Чего тогда проповедник этот пьет, – парень, словно дикий зверёк, зыркнул на Сапыгу своими черными глазищами.
– Так я и не праведник вовсе, – в ответ посмотрел на него Сапыга. Далеко мне до учителей наших. А про «горькую», ты это верно заметил, грех, но апостолы наши тоже не сразу праведниками стали. Через великие муки прошли. И взошли в “Божье Царствие” на кораблях огненных.
– Чего-то я не пойму мужик, – буркнул парень. Попы Никонианские про царствие Божье вещают, и ты туда же.
– И какое из них праведное?
Сапыга замолчал и склонился к тарелке.
– А по мне, так царствие это для всех одно, – продолжил парень. Ранее двумя перстами крестились, сейчас тремя. Что изменилось-то на небесах? Али Богородица другая стала?

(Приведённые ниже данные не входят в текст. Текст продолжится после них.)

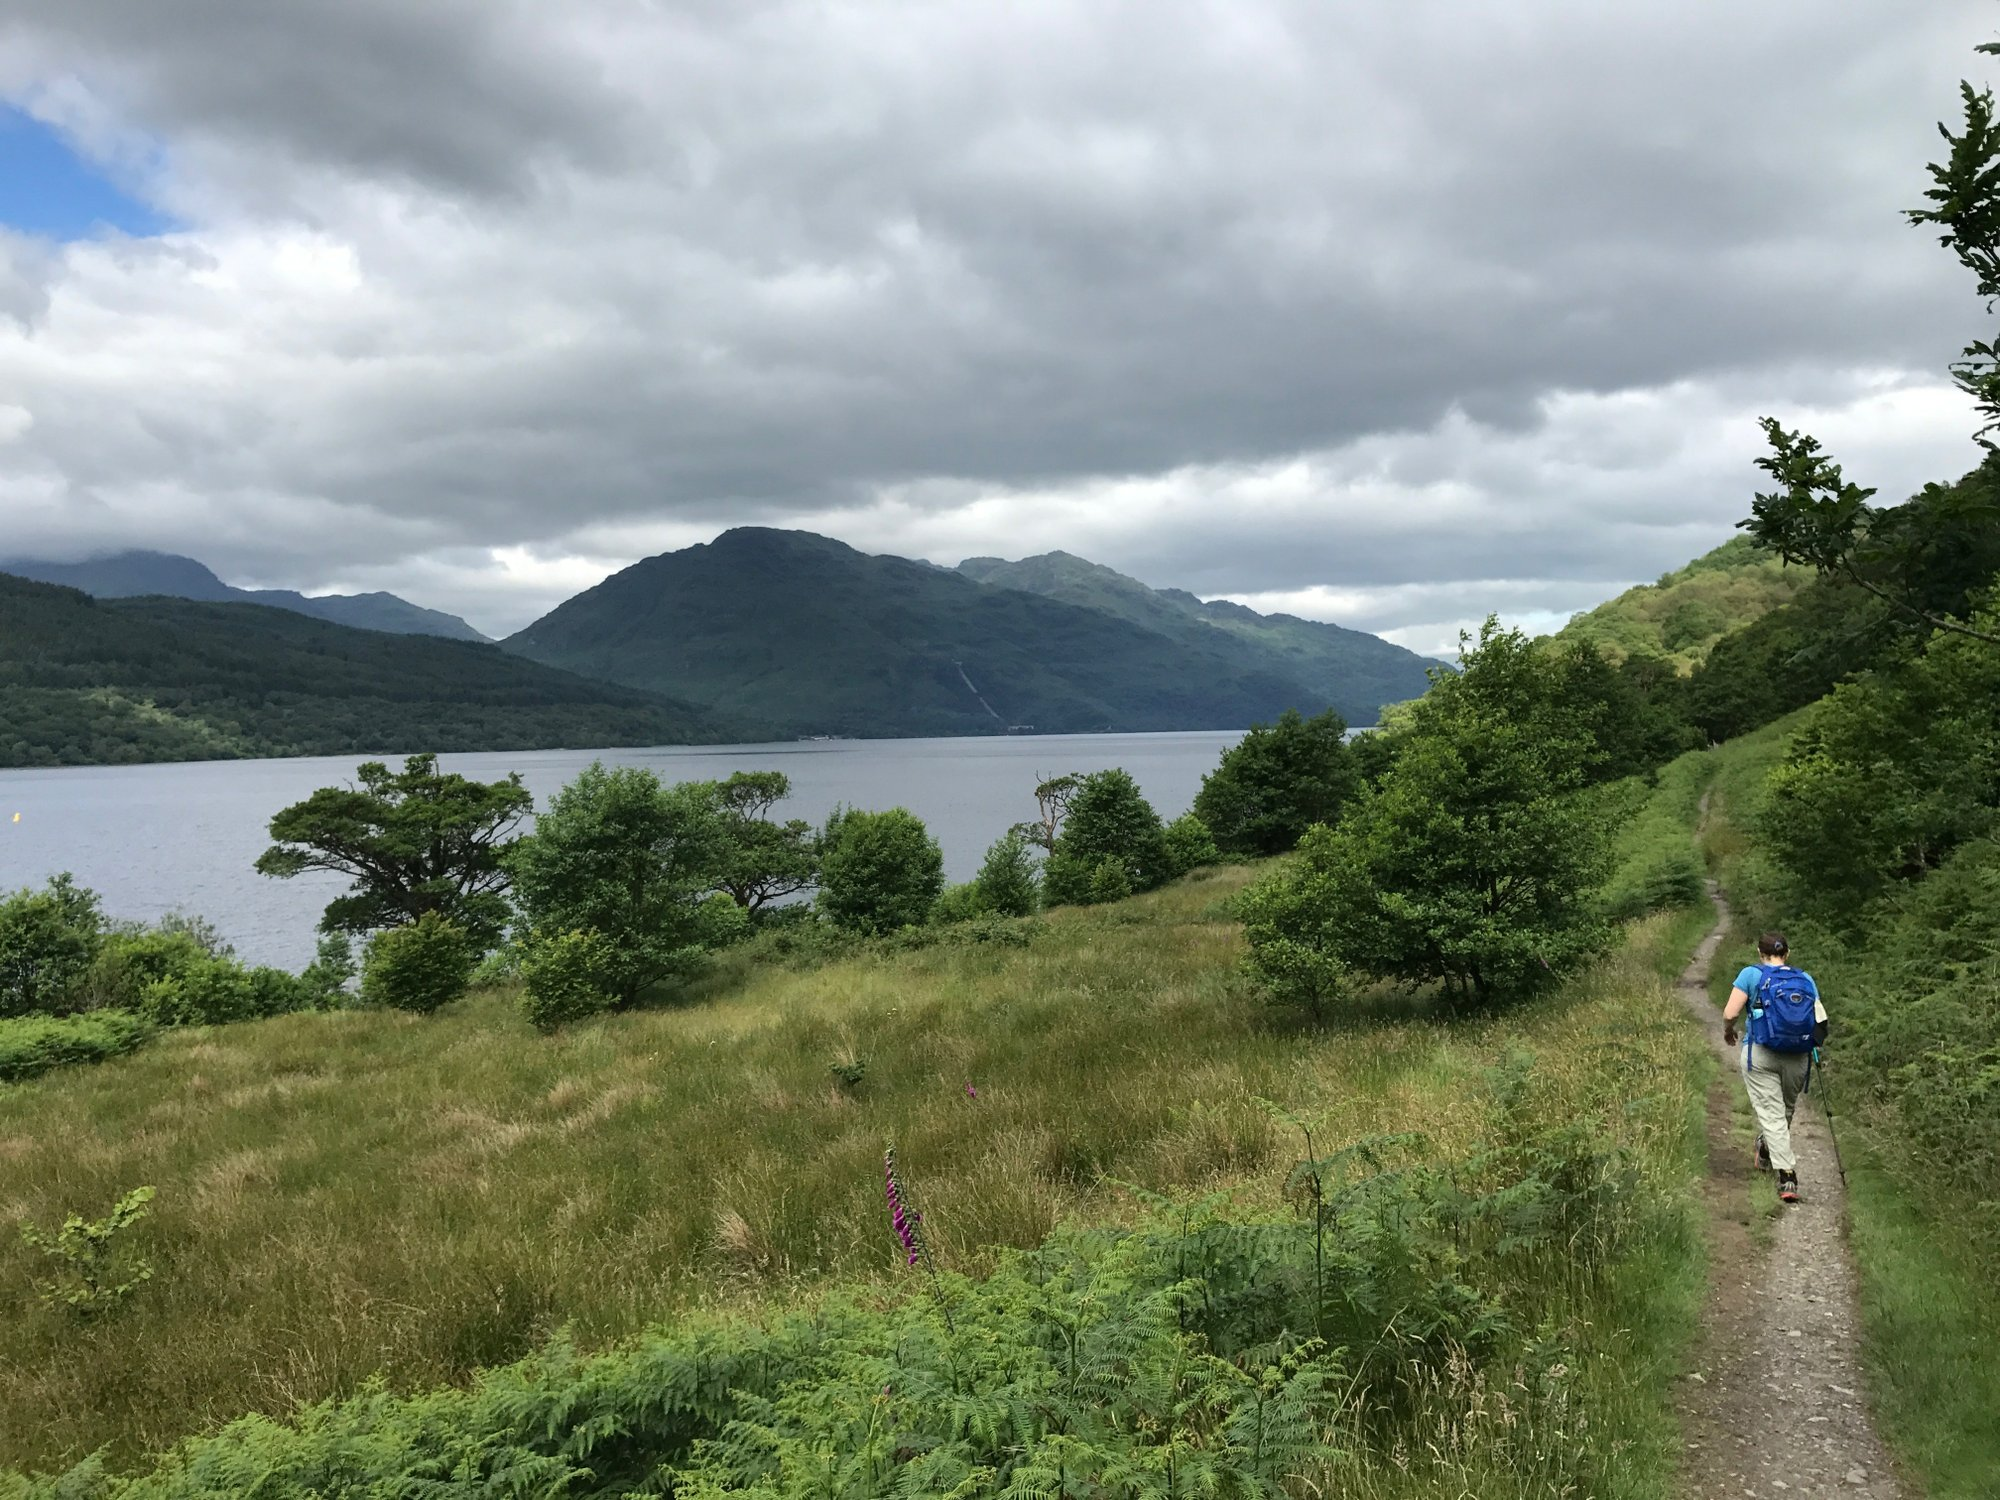 Forests, moors, peat bogs: A week of walking in Scotland

Мужик, сидящий сбоку от парня, отвесил ему новый, не менее звонкий и болезненный, подзатыльник:
– Больно умен, как поглядим.
Сказано же:
– Раскол!
Парень тихо нагнулся под стол и вынул из складок сапога нож. Резкий удар острым лезвием опрокинул мужика на пол. Молодчик соскочил со скамейки и испуганно озираясь, закричал:
– Ну, что бражнички, кто смелый подходи!
Сапыга медленно вышел из-за стола:
– Слышишь паря, не глупи! Мы тебя впервые видим, за стол пригласили по христианскому доброму обычаю, а ты аки зверь с ножом кидаешься.

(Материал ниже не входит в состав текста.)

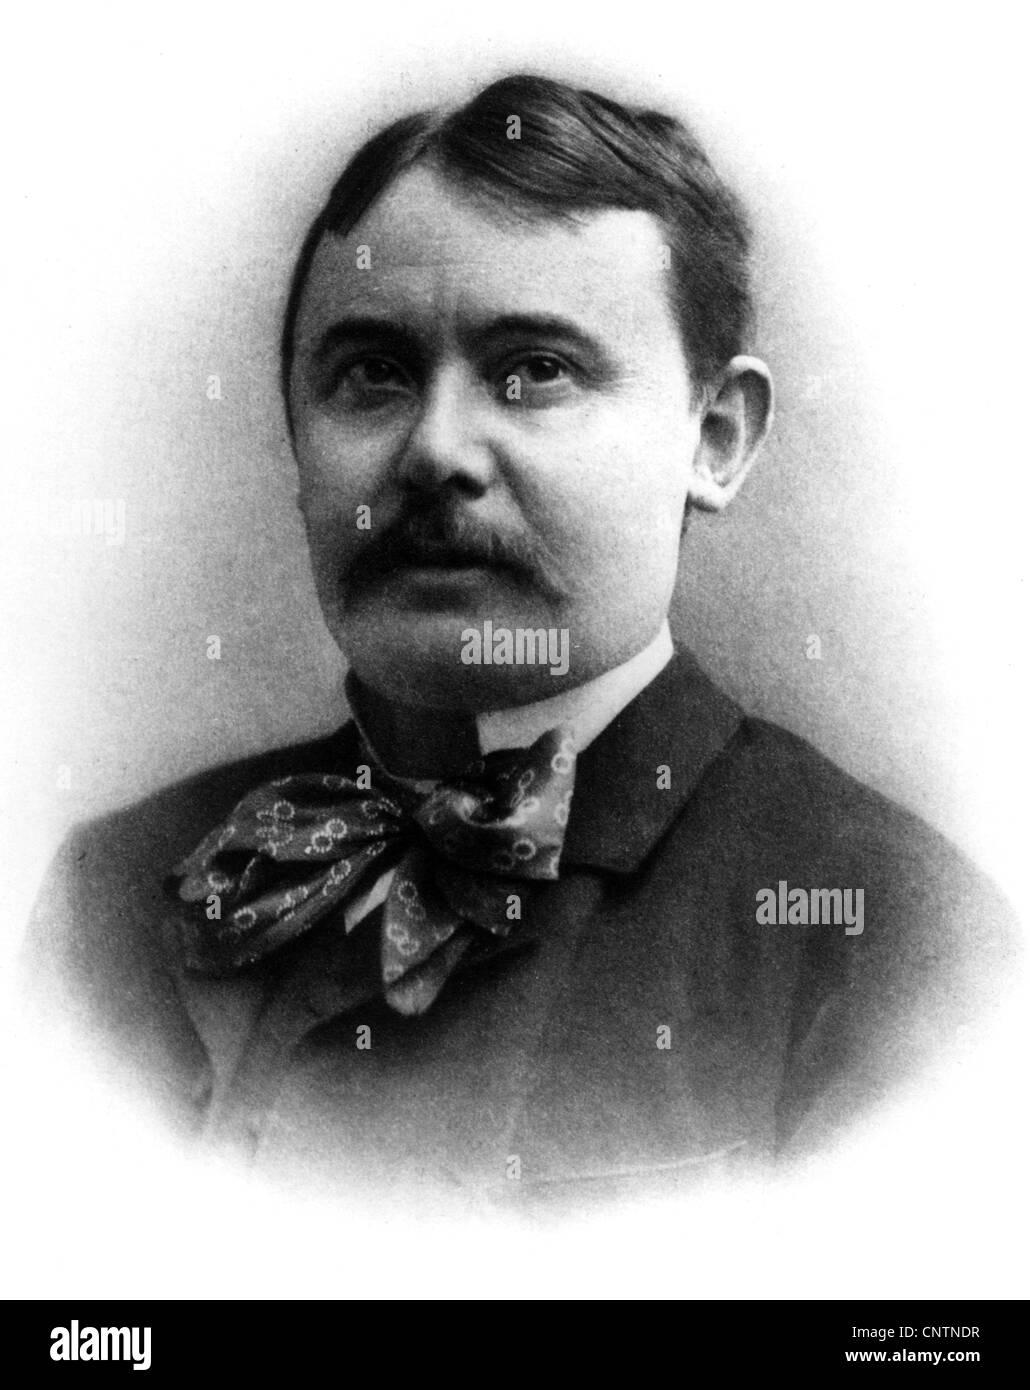 Mikszath, Kalman, 16.1.1847 - 28.5.1910, Hungarian author / writer, portrait, photograph, 1904, Additional-Rights - Stock Image

– А какого он лешего дерется? – паренёк указал в сторону, стонущего от боли, мужика.
– А я погляжу гордый ты, не в пример остальным.

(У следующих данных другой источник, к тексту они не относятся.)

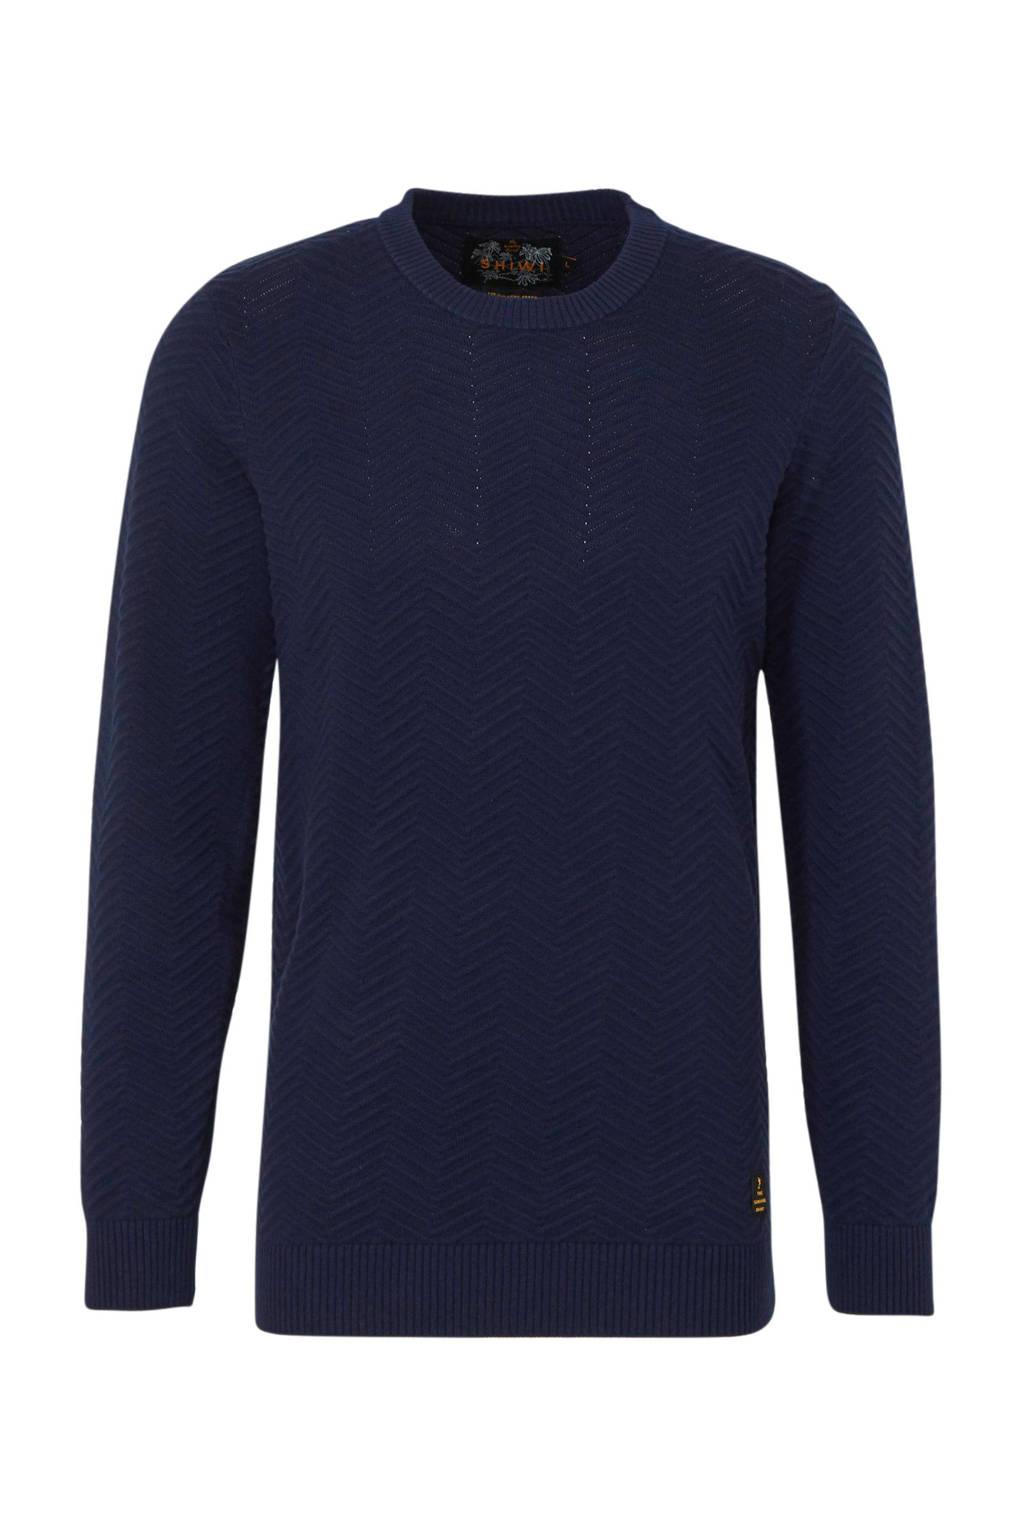 Shiwi trui donkerblauw, Donkerblauw

– Какой есть! – юноша обтер нож об скатерть и засунул обратно в сапог. За дверями послышался шум.
В трактир влетел мужик с истошным криком:
– Стрельцы идут.
Половой испуганно перекрестился и полез под стол.
В трактир вломились стрельцы и загородили выход из трактира со словами:
– Кто вы такие, откуда будете?
Молодой парень стал потихоньку пятиться к печи.
Мужик, которого только что порезали, перестал стонать и только тихо сопел. Стрельцы подошли к нему и открыли рану.
– Совсем плох? – произнес один из них. До утра не дотянет.
– Кто его так?
Мужики в трактире расступились, образовав проход к печи, у которой сидел паренек, обхватив голову окровавленными руками.
– Взять его! – крикнул стрелецкий старшина. На дознание.
– А вы кто такие, откуда будете, зачем прибыли? – он сгреб огромной ручищей со стола остатки трапезы, оставив только штоф. Налив в стакан водки, он залпом опрокинул его. Затем стрелецкий старшина достал из сумки лист бумаги и перо, прокашлявшись, произнес:
– Подходи по одному, и сказывайте. Только не врите мне, иначе шкуру спущу.
Парня скрутили, для острастки врезали пару раз по зубам, чтобы не вырывался, и вывели из трактира. У дверей уже стояли сани, запряженные гнедой кобылой. Грива кобылы была нечёсана и не ухожена, так как взяли ее в соседнем дворе, как и сани.
Сам возок был устлан небольшим слоем соломы, на котором сидел еще один стрелец. Юношу небрежно кинули на возок, уткнувшись в ароматное сено, он тихо застонал.
– Куды его? – спросил стрелец, взявшись за вожжи.